Go to the home page and click on compare by selecting the different model run.

So, we can see MLflow provides a lot of cool features and with the few lines of the code, we can achieve all complex things which used to be difficult and cumbersome before the inception of MLflow.

Some highlights of MLflow API

MLflow API is well designed and regularly new features are being added. It is worth checking the API to be in sync with new features and changes. However, I would like to highlight a few interesting features of MLflow

MLflow API is not only about Python but it also supports Java, and R programming language by the time of writing this blog. Soon Scala will also be the part of the API. REST API is also available which facilitates create, list, get operations on experiments, runs, log parameters, metrics, and artifacts.
Auto-logging is worth using for deep learning models. As we know, Deep Learning models capture several parameter/hyper-parameters during the training of the model and each value is not always possible to log by using mlflow.log_metric. Doing manual captures can lead to miss some important metrics. So, to make it simple, MLflow comes with auto-logging. It is very simple to use and merely enabling it ensures to capture and log every possible metric. Autolog feature is available for Keras, Tensorflow, Gluon, LighGBM, XGBoost, and Spark. Visit documentation and my github to see the usage of it.
Model tracking on the local file system is good for the experiment's purpose. To keep track of a model in production, it is good practice to save all metadata, data, artifacts in cloud storage, or SQL databases and use a separate dedicated server for better tracking and maintenance.
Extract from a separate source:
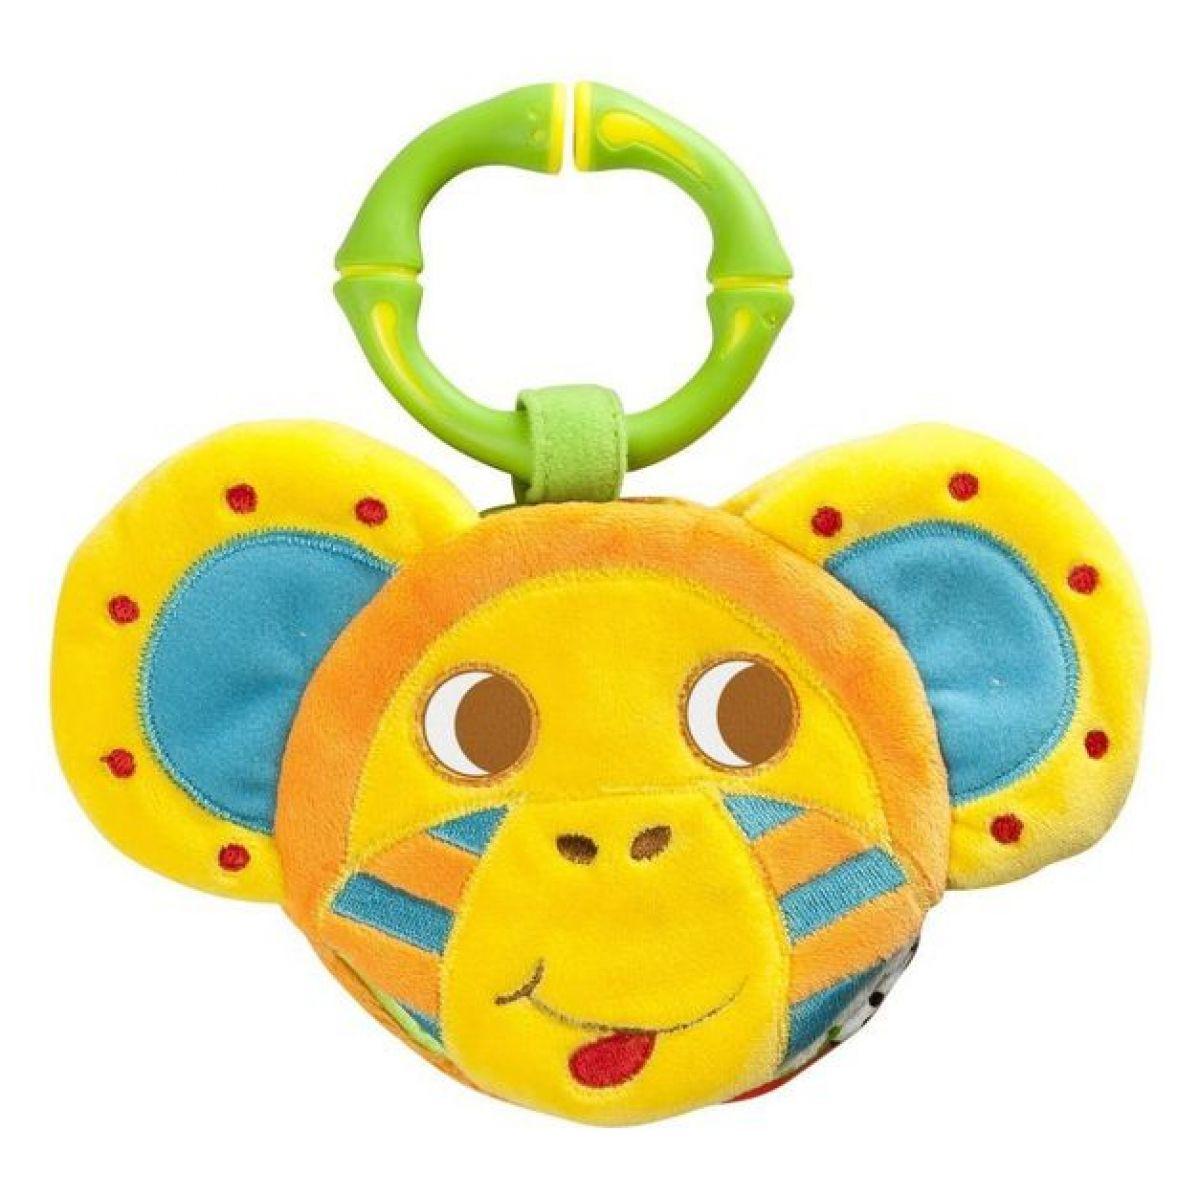 Babymoov Stimulační knížka Opička
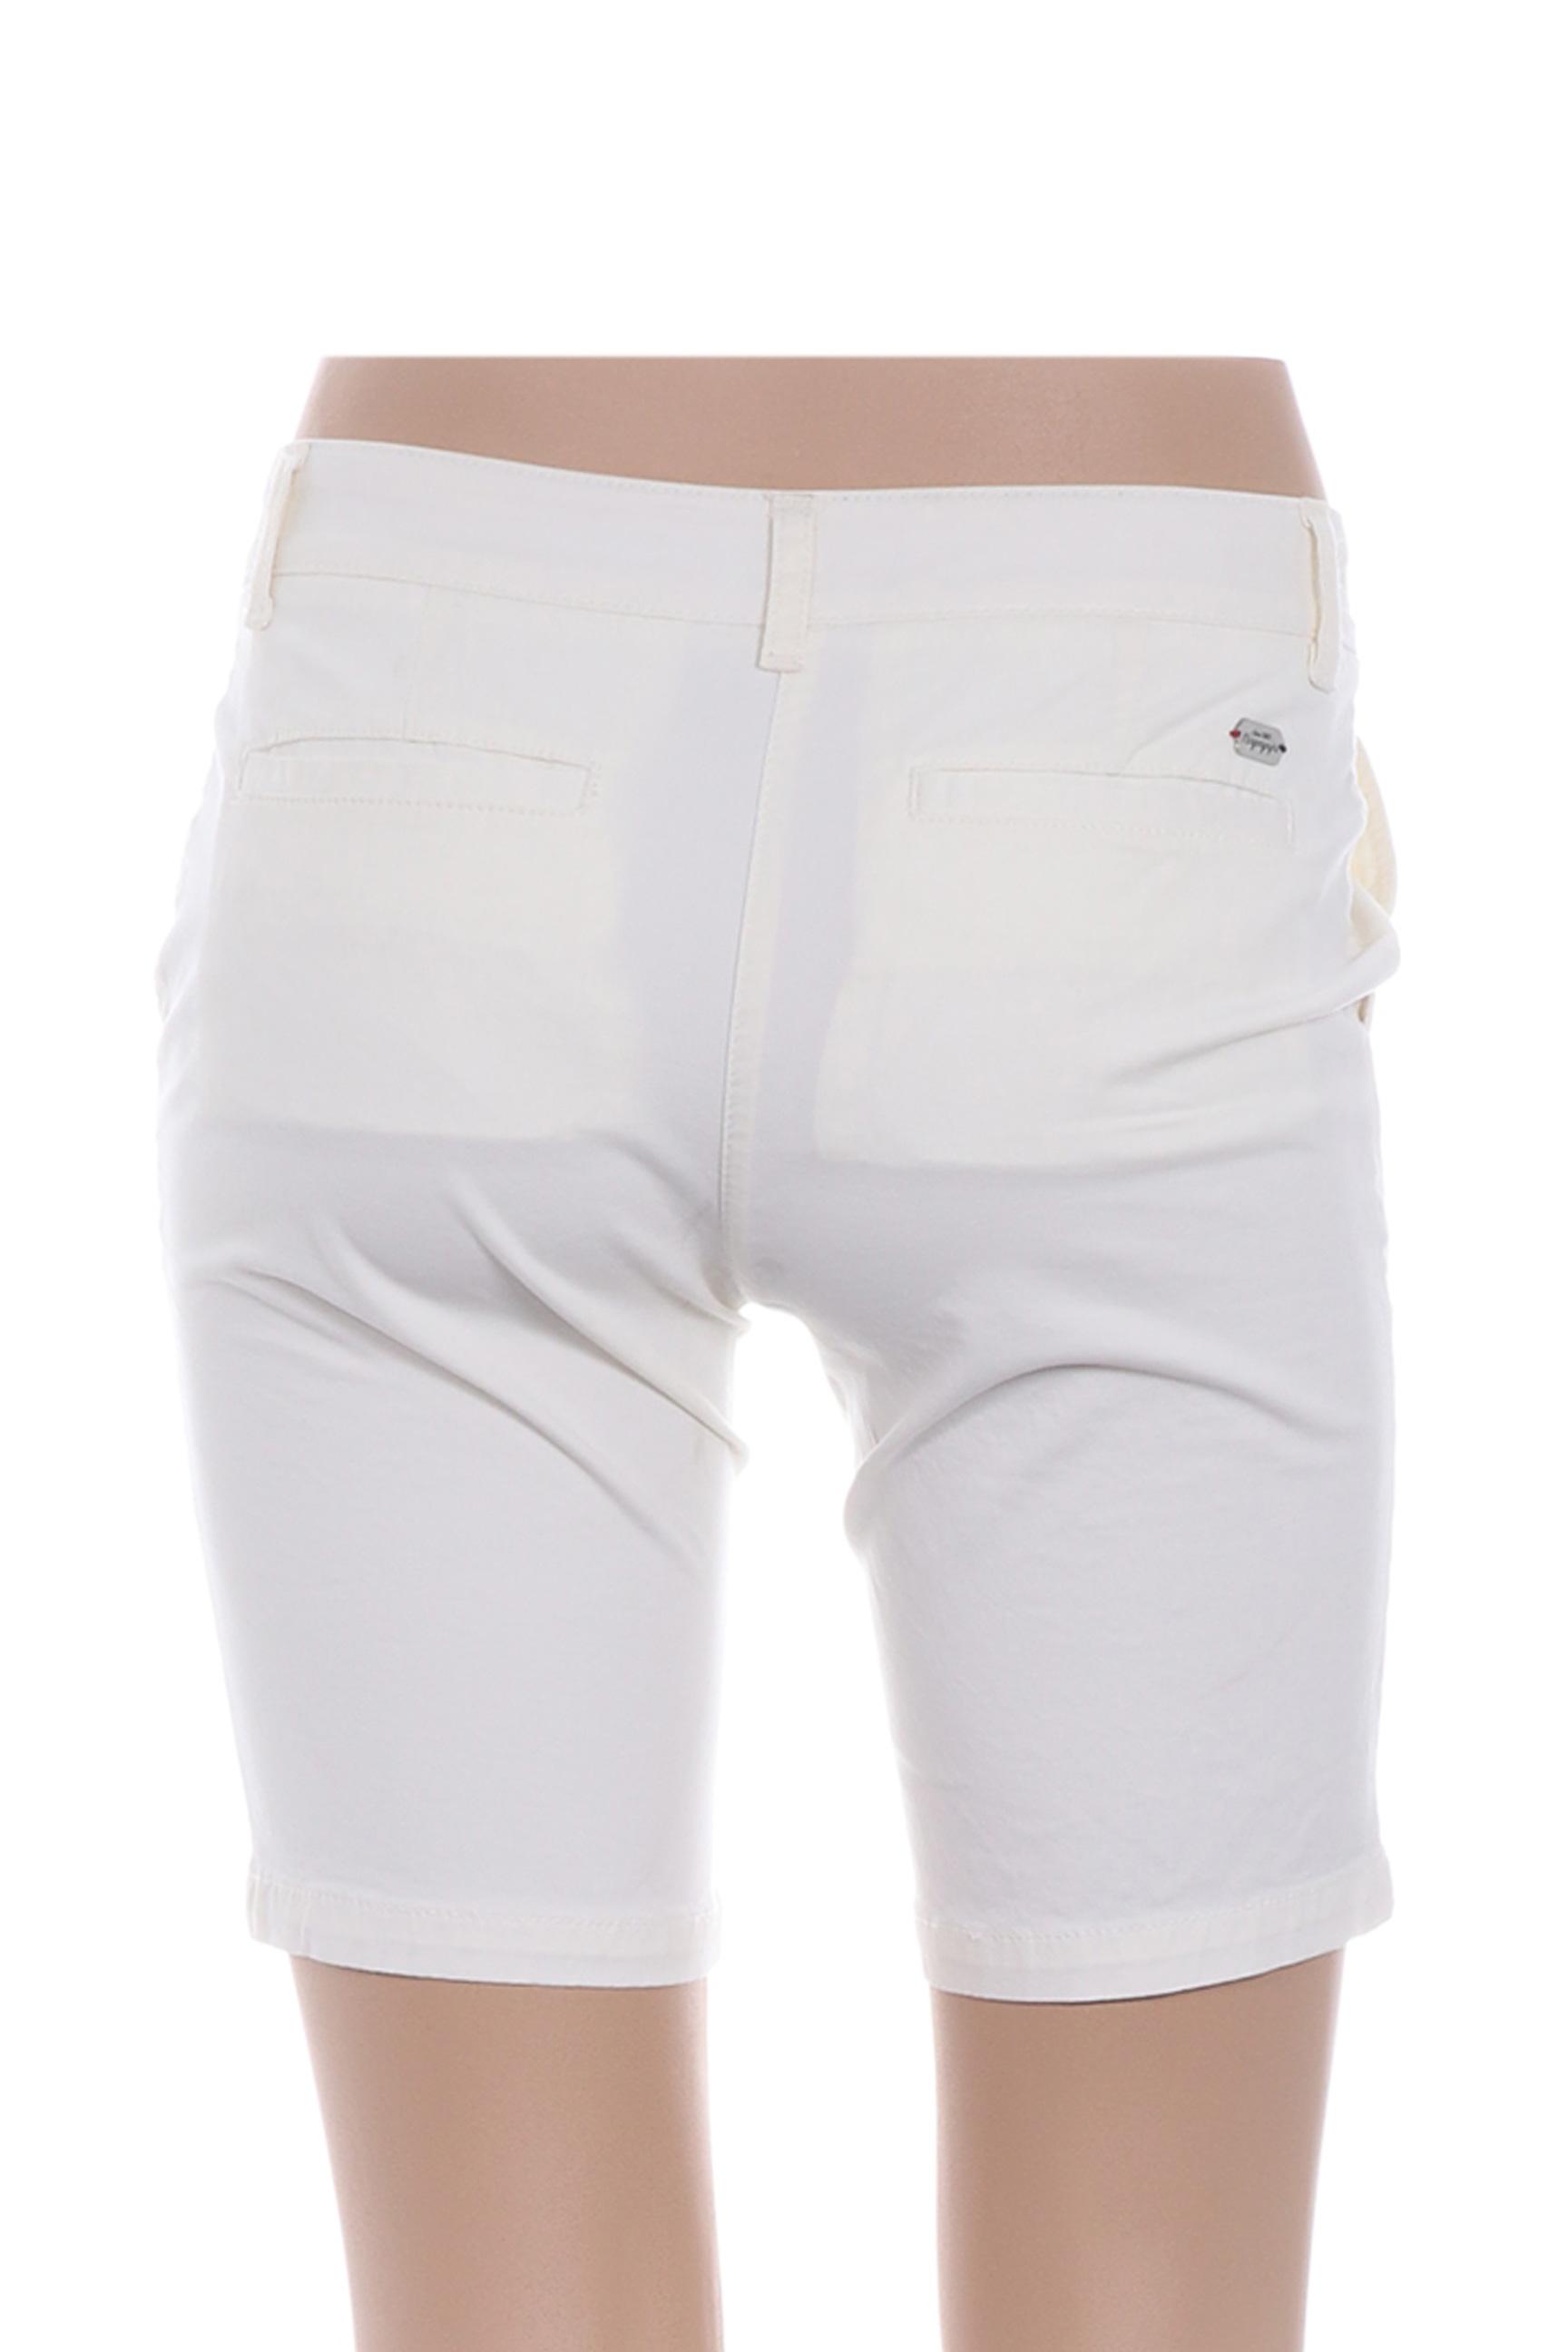 Napapijri Bermudas Femme De Couleur Blanc En Soldes Pas Cher 1273532-blanc0

There are many more features available that can be studied in the documentation and used as per the different use-cases.

Conclusion

Overall, we have seen the power of MLflow and also learned that no matter which framework, the programming language is used to develop a model, MLflow is capable to provide a robust mechanism with just a few lines of the code to track the model development, tuning, packaging, and reproducibility. This one is a must-have tool in the machine learning arsenal.